Complex agents are hard to keep reliable with one long prompt. Planning, tool use, observations, critique, retries, and final synthesis become mixed together, which makes failures hard to locate.

Agent patterns make the control flow explicit:

  • More reliable: each stage has a defined job.
  • Easier to debug: traces show whether the failure happened in planning, tool execution, evaluation, or synthesis.
  • Easier to reuse: keep the control flow, swap prompts and tools.
  • Easier to evaluate: compare patterns on the same cases with latency, token, completion, and success metrics.

Simple Q&A does not need a pattern. Patterns are for managing multi-stage task complexity.

Screenshots

Local chat page with the pattern dropdown:

Agent Patterns Lab chat page

Trace view after a ReAct run:

Agent Patterns Lab trace view

Pattern Taxonomy

This lab currently implements eight patterns. A useful way to read them is as two families:

Family Patterns What they emphasize
Tool-execution patterns ReAct, Plan & Solve, LLM Compiler, REWOO How the agent decides, schedules, and consumes tool calls.
Reasoning-enhancement patterns Reflection, Reflexion, LATS, Self-Discovery How the agent improves, evaluates, searches, or structures its own answer.

Pattern Comparison

Pattern Paper Command Main loop Tool use Best fit Tradeoff
ReAct arXiv:2210.03629 react Reason -> action -> observation -> repeat Interleaved Interactive tasks where each observation changes the next step Simple and transparent, but can be slower or loop-prone.
Plan & Solve arXiv:2305.04091 plan-solve Plan all steps, solve each step, synthesize Optional during steps Multi-step tasks with a stable problem shape Easier to inspect than free-form CoT, but early plans can be wrong.
LLM Compiler arXiv:2312.04511 llm-compiler Compile a task DAG, execute ready tool tasks, join Structured DAG Independent or partially dependent tool calls Good for parallelism, but depends on valid structured plans.
REWOO arXiv:2305.18323 rewoo Plan evidence slots, execute tools, solve from evidence Batched after planning Retrieval/calculation tasks where observations can be separated from reasoning Reduces repeated context, but the first plan must name useful evidence.
Reflection arXiv:2303.17651 reflection Draft -> critique -> revise Usually none Writing, answer quality, self-checking, cleanup Cheap and easy, but critique quality is model-dependent.
Reflexion arXiv:2303.11366 reflexion Attempt -> evaluate -> verbal lesson -> retry Optional Tasks with a clear feedback signal or repeated attempts Can improve after failures, but needs useful evaluator feedback.
LATS arXiv:2310.04406 lats Select node with UCB, expand, evaluate, backpropagate, synthesize Optional in full versions; this lab focuses on candidate search Harder tasks where exploring alternatives helps Stronger search behavior, but higher latency and token cost.
Self-Discovery arXiv:2402.03620 self-discovery Select modules, adapt modules, build structure, fill structure Usually none Complex reasoning where choosing the right reasoning scaffold matters Produces reusable task structure, but is inference-heavy.

Setup

Install uv if needed:

curl -LsSf https://astral.sh/uv/install.sh | sh

Open a new shell after installation. If uv is still not found, add the install directory to your current shell:

export PATH="$HOME/.local/bin:$PATH"

Sync dependencies:

uv sync

Configure any OpenAI-compatible model endpoint:

export OPENAI_API_KEY="your-api-key"
export OPENAI_MODEL="your-model-name"
# Optional for non-default OpenAI-compatible endpoints:
export OPENAI_BASE_URL="https://your-compatible-endpoint.example/v1"
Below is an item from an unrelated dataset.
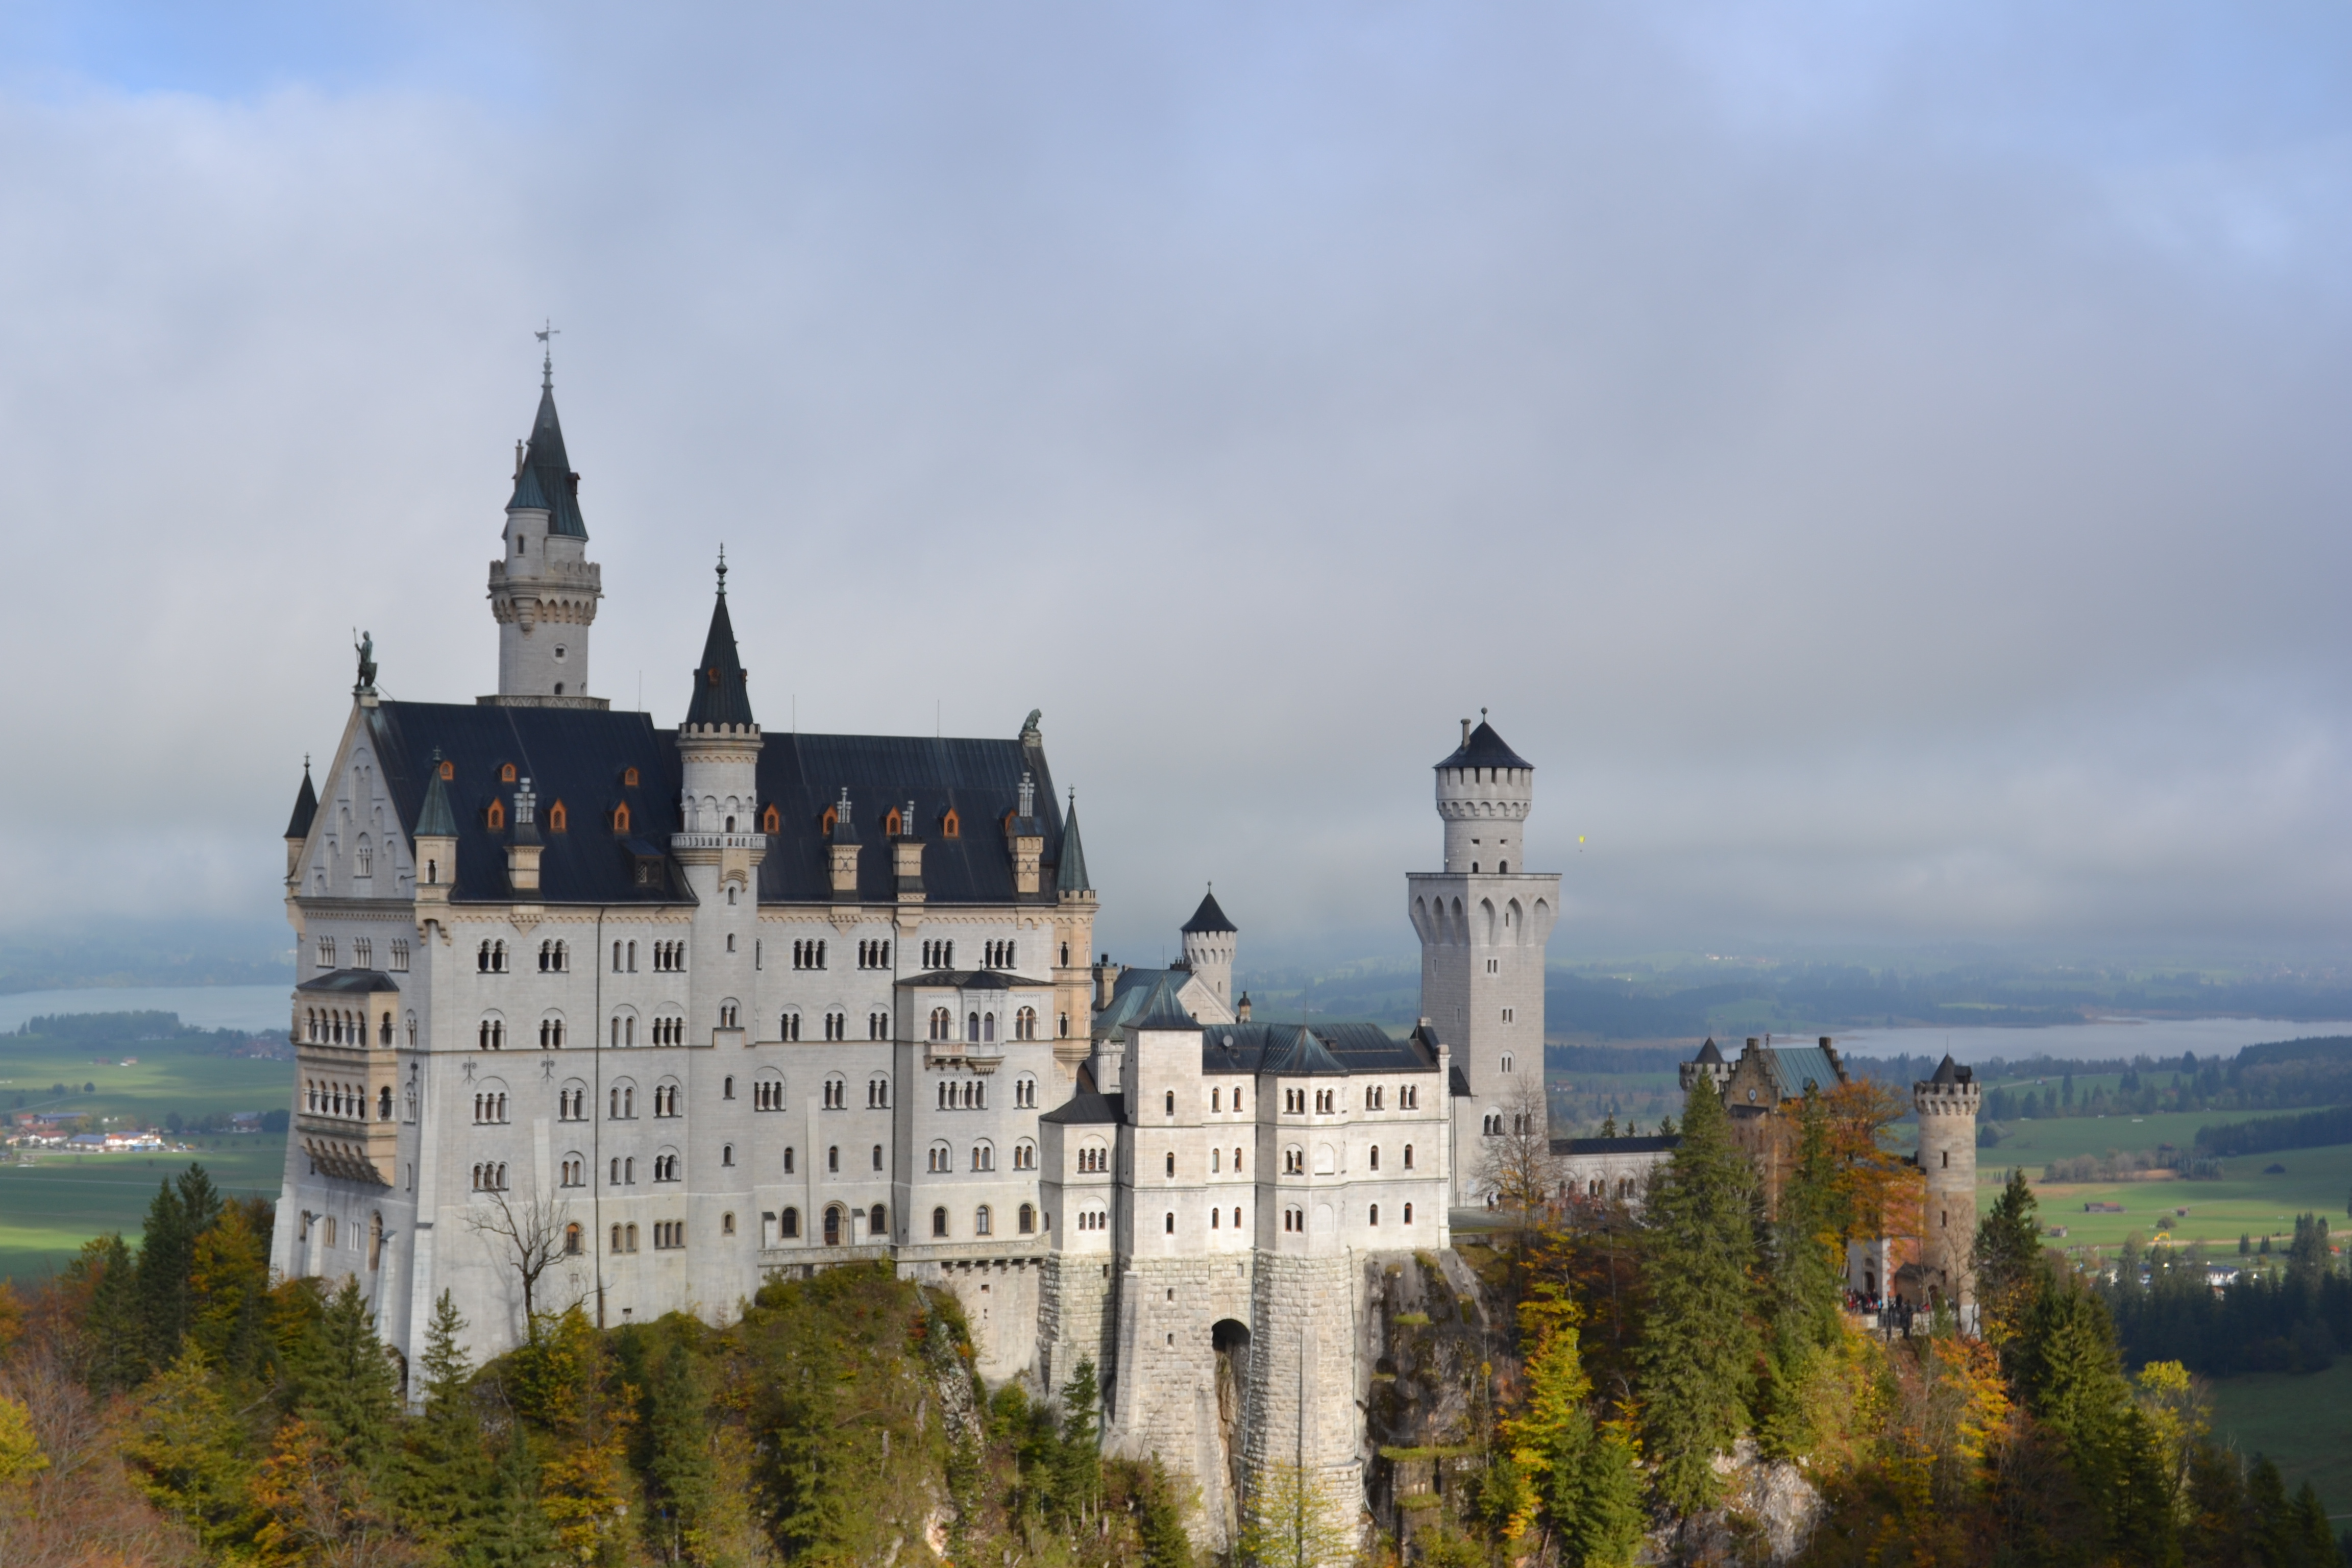 Cinderella Castle - Neuschwanstein Castle. Bavaria Germany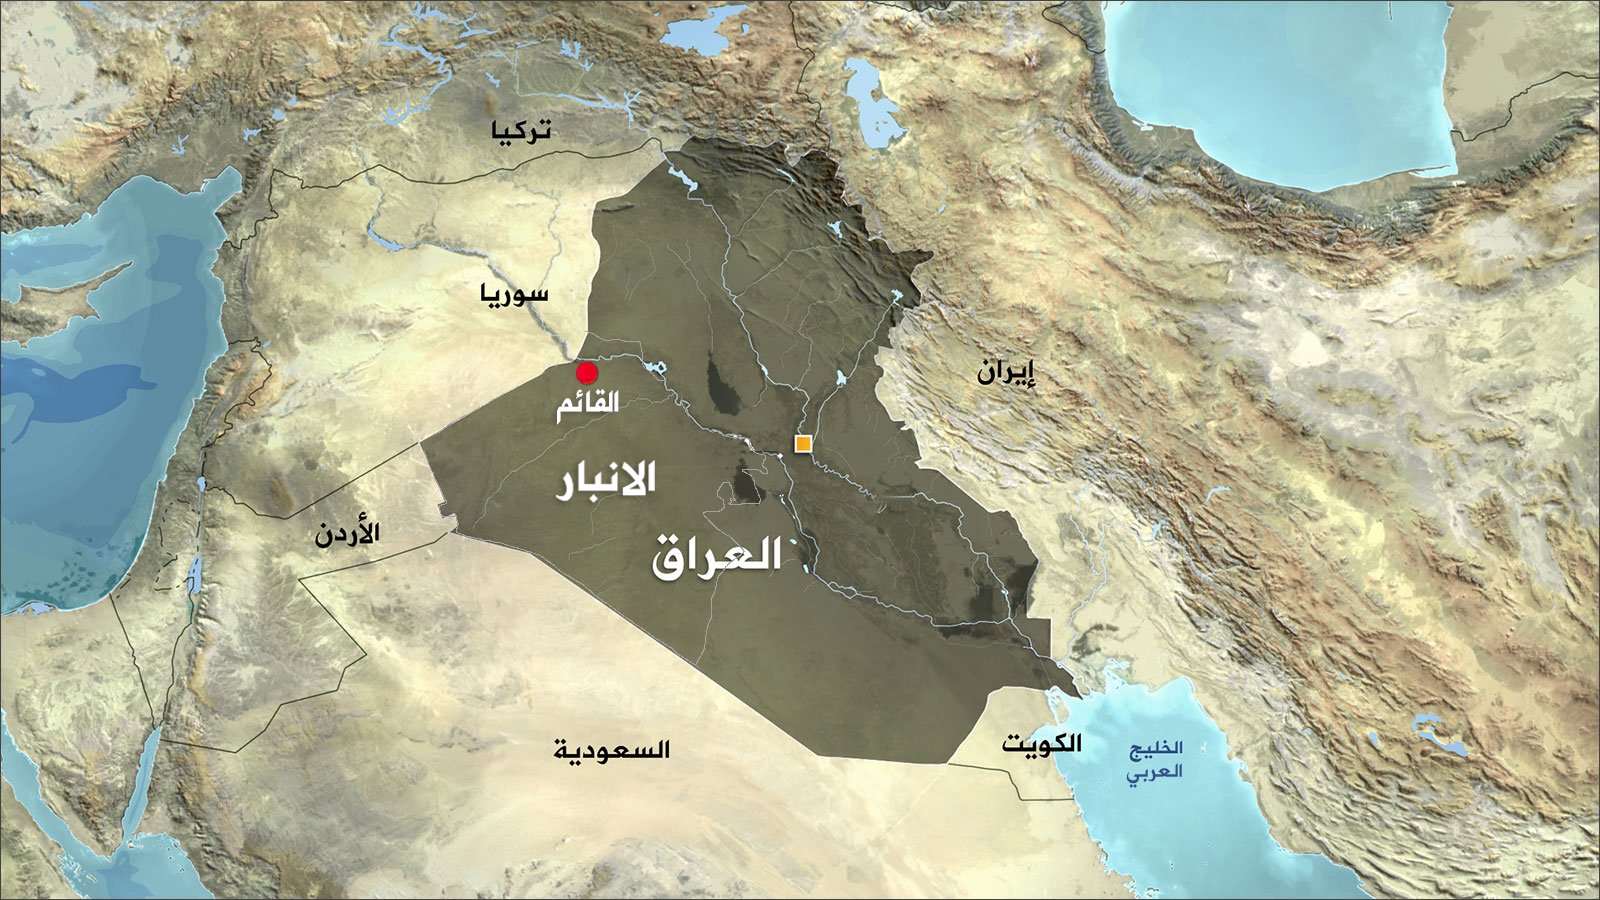 ‪محافظة الأنبار تشكل 31% من مساحة العراق‬ (الجزيرة)

The project intentionally uses the OpenAI-compatible API shape only. The code does not maintain vendor-specific routing registries.

Command-Line Usage

List patterns:

uv run python main.py patterns

Run one prompt:

uv run python main.py run \
  --pattern react \
  --input "What is 18 * 24? Use a tool if useful." \
  --show-trace

Run a different pattern:

uv run python main.py run \
  --pattern self-discovery \
  --input "Find the bug: total = 0; for n in nums: total = n; return total" \
  --show-trace

Common pattern names:

react
plan-solve
reflection
reflexion
llm-compiler
rewoo
lats
self-discovery

Manual Page Testing

Start the local chat page:

uv run python main.py chat --pattern react --port 7860

Then open:

http://127.0.0.1:7860

The --pattern option only sets the default selection. The page includes a Pattern dropdown, so you can switch between patterns without restarting the server.

Useful manual prompts:

Use the available calculator tool if useful: compute 27 * (14 + 6) - 35.
Revise this vague sentence into one clear README sentence:
Agent thing does stuff with tools and thoughts.
Explore three ways to make the LATS demo more educational, then select the best one.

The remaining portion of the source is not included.